- Data extracts -
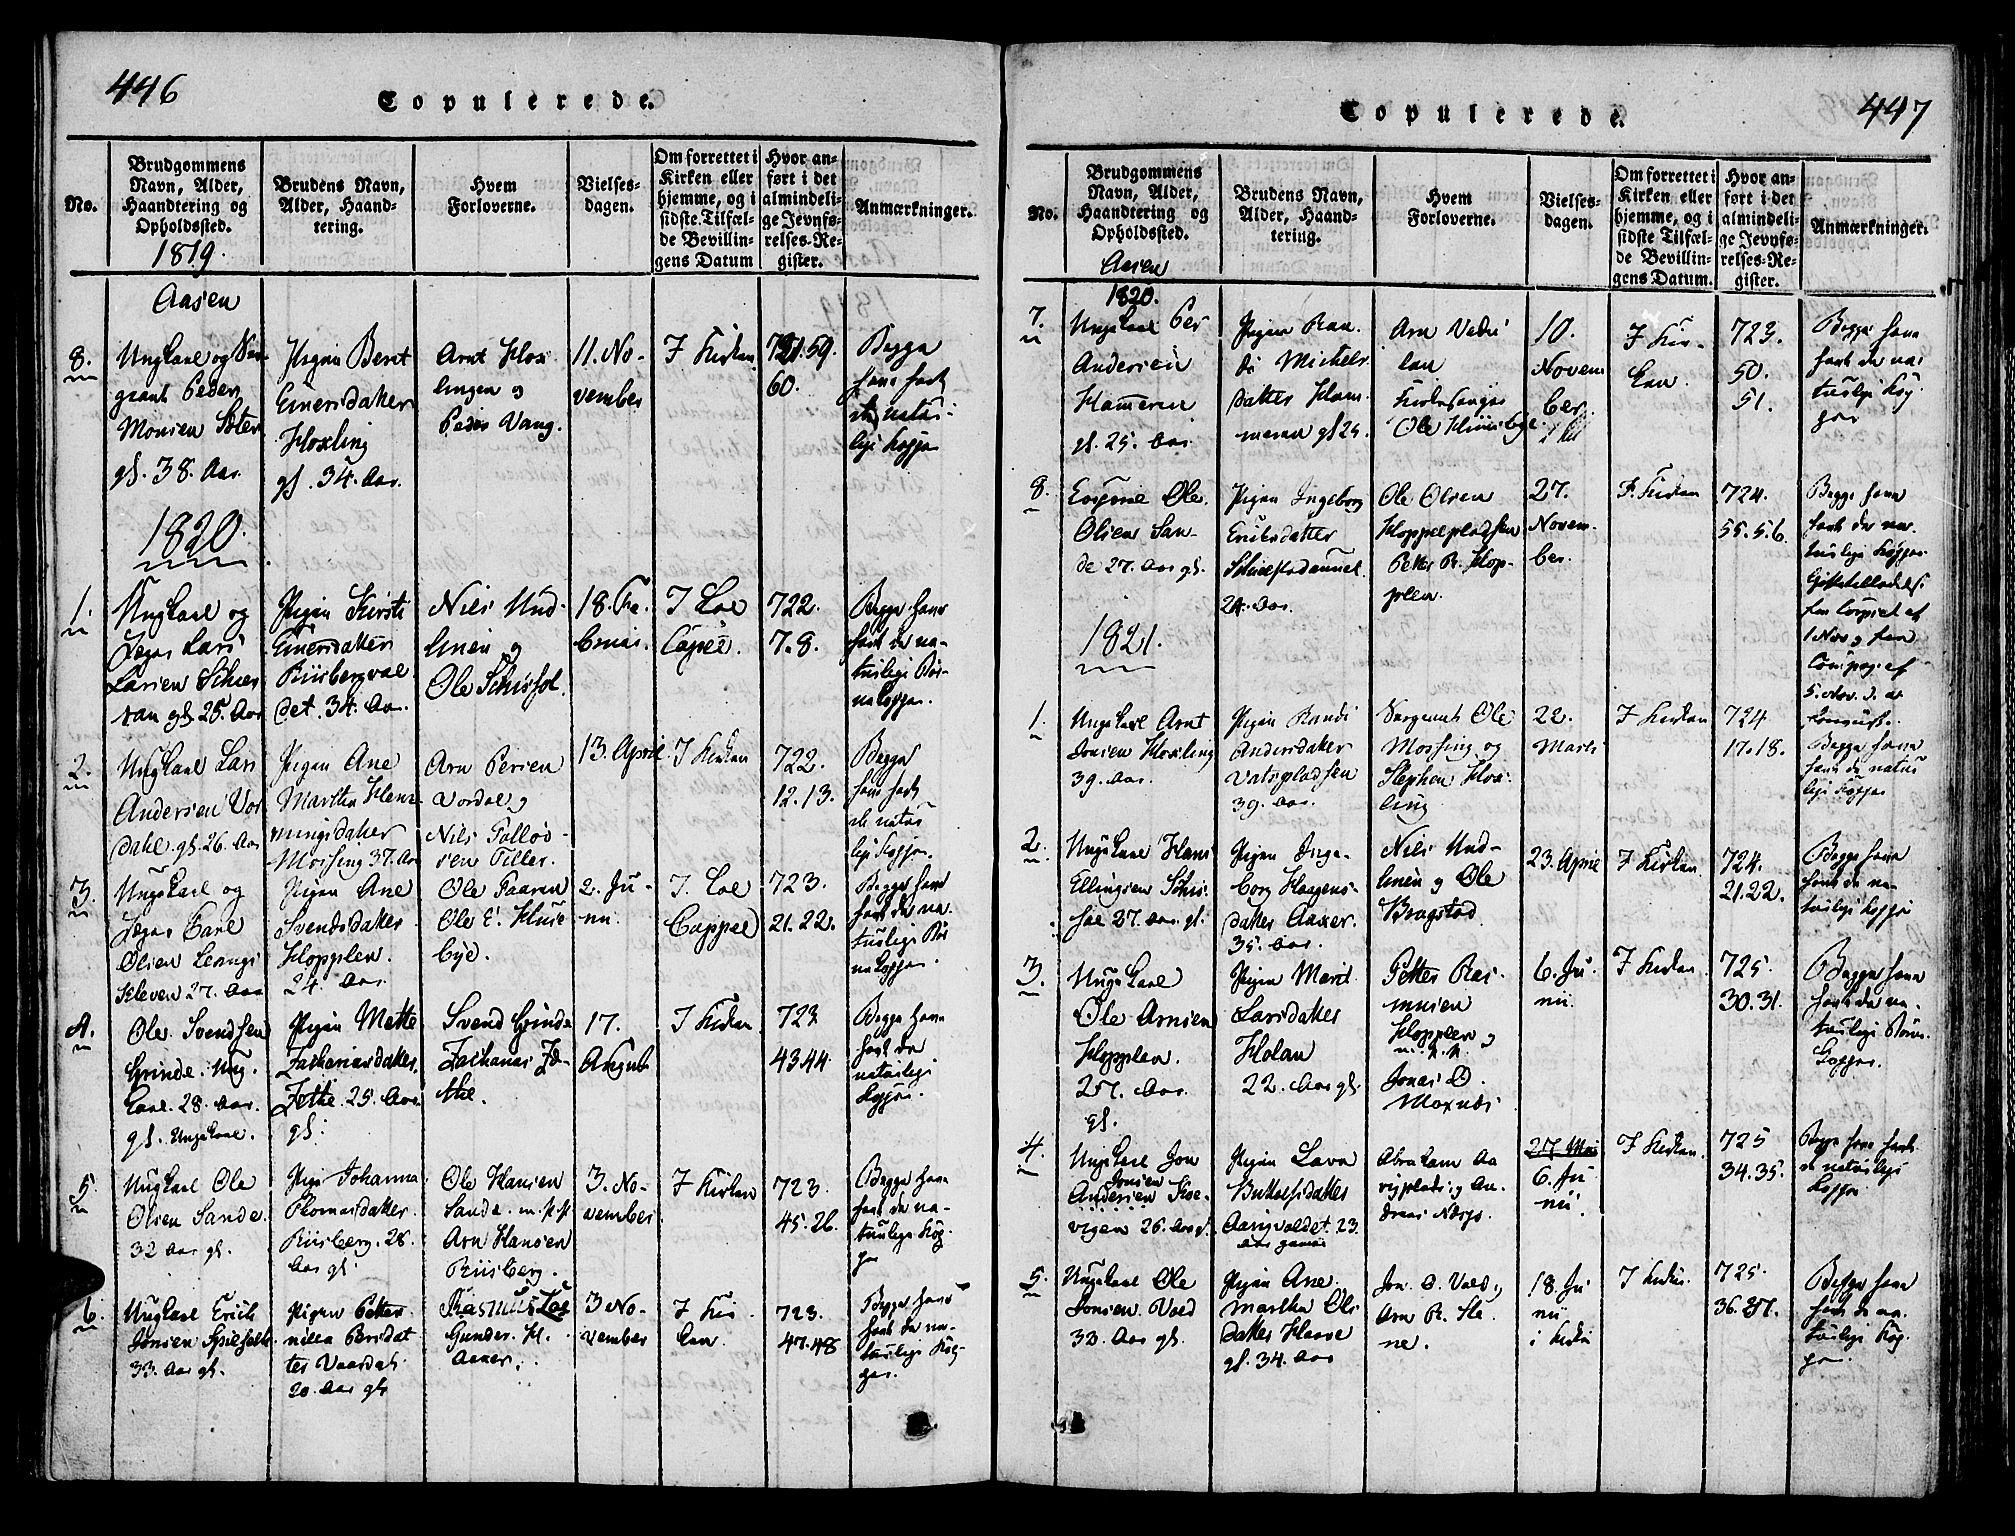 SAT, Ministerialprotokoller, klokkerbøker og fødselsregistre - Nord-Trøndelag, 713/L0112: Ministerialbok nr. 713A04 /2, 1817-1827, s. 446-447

--

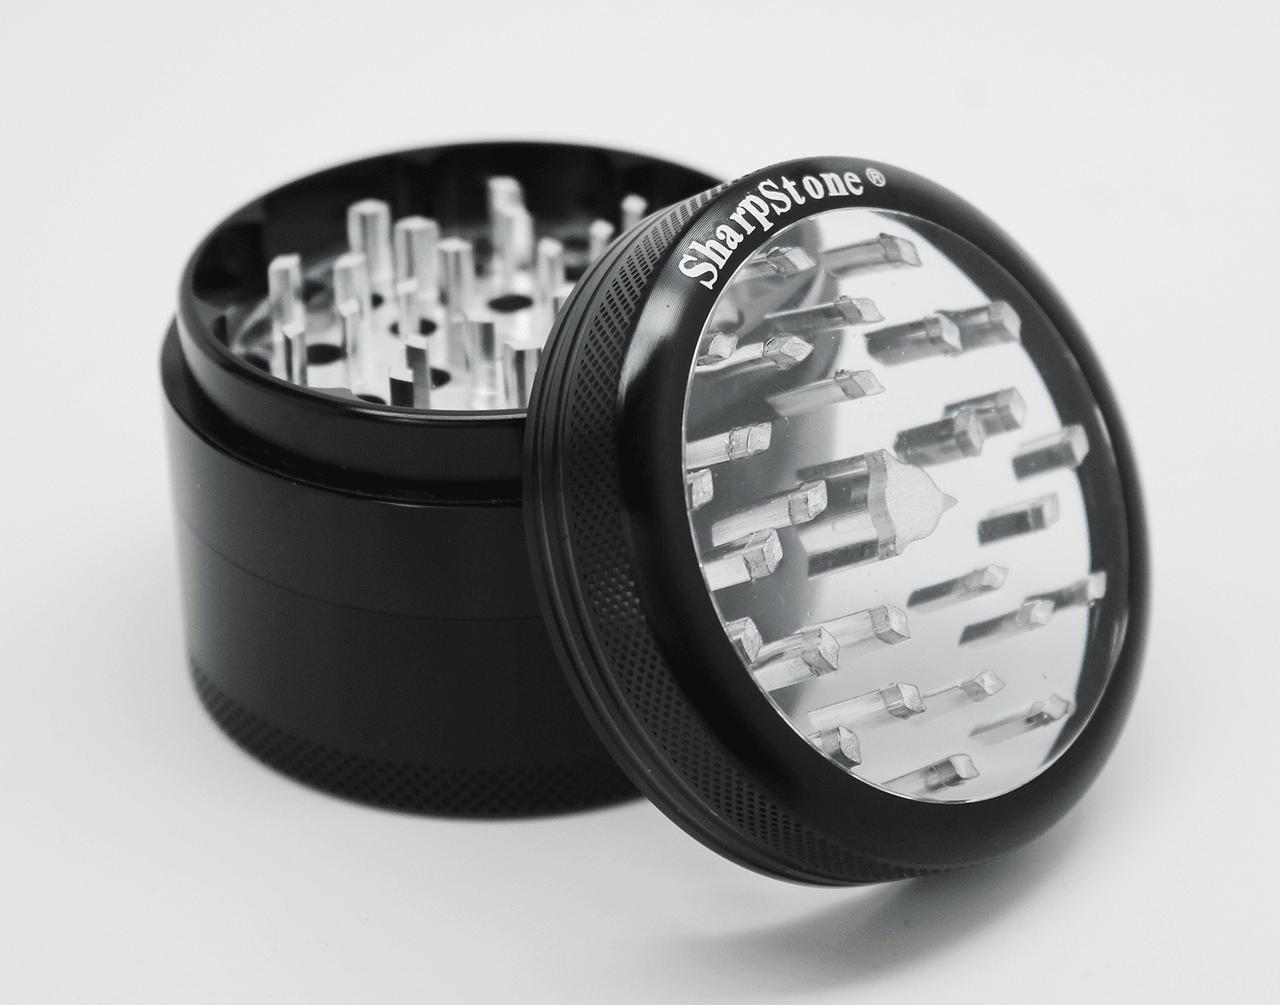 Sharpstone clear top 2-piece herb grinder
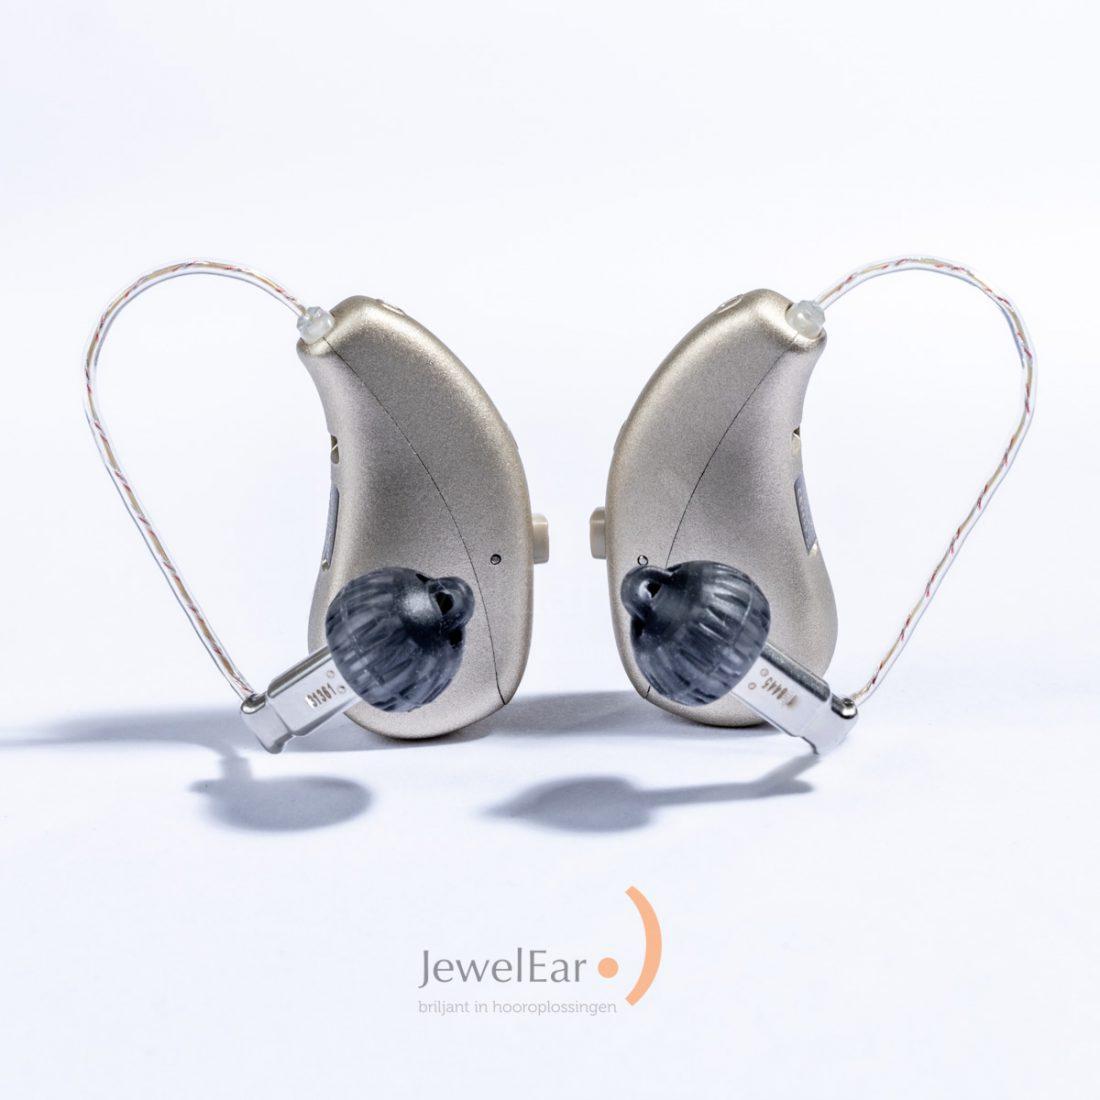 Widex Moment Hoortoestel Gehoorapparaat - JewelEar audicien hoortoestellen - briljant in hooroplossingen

- Directions for this task -
Give back the exact lines above, running from the one that has "Sharpstone clear top 2-piece herb grinder" through the one that has "Widex Moment Hoortoestel", with nothing added and no pictures.

- Task result -
 Sharpstone clear top 2-piece herb grinder
 Widex Moment Hoortoestel Gehoorapparaat - JewelEar audicien hoortoestellen - briljant in hooroplossingen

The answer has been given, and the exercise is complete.